DATASET RECORDS —
-- Opening Marker --

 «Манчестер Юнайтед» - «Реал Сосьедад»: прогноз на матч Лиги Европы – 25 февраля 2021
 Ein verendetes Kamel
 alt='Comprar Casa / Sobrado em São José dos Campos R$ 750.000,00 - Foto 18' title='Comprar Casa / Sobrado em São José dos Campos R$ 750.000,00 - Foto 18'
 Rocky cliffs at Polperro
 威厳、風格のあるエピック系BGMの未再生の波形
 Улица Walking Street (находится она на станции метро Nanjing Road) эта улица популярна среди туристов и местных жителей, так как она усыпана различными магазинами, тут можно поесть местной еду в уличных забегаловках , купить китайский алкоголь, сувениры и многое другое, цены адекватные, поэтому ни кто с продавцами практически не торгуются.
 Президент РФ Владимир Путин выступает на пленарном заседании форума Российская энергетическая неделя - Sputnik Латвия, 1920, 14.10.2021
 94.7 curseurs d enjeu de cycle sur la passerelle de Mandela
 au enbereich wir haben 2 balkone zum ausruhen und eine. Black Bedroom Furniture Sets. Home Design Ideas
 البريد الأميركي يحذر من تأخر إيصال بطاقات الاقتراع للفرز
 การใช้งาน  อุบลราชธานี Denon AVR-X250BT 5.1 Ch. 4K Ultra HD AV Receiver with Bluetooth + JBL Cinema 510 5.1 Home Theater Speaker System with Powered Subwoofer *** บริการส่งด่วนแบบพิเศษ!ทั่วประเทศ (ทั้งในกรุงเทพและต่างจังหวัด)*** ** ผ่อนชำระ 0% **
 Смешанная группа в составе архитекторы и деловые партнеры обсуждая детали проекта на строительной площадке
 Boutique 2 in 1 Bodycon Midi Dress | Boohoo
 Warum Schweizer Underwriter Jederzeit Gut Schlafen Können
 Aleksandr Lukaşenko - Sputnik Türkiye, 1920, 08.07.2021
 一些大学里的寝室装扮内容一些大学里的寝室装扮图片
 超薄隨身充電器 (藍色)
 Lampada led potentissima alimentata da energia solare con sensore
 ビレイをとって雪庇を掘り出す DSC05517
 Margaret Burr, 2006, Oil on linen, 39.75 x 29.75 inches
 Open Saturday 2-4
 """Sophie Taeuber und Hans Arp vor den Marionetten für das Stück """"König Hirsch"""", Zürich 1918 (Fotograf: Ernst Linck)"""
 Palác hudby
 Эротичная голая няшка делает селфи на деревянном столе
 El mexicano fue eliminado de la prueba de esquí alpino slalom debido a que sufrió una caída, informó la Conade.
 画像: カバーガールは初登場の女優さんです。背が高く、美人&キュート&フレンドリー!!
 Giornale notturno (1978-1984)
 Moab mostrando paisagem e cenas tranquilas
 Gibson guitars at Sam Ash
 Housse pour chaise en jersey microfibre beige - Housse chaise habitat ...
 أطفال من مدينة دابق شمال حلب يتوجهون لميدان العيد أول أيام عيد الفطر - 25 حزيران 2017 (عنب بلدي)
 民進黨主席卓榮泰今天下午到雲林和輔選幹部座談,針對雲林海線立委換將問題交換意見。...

-- Closing Marker --

WHAT TO WORK ON —
Count the lines of the data that contain the string "Sputnik", and reply with that number alone.

TASK ANSWER —
2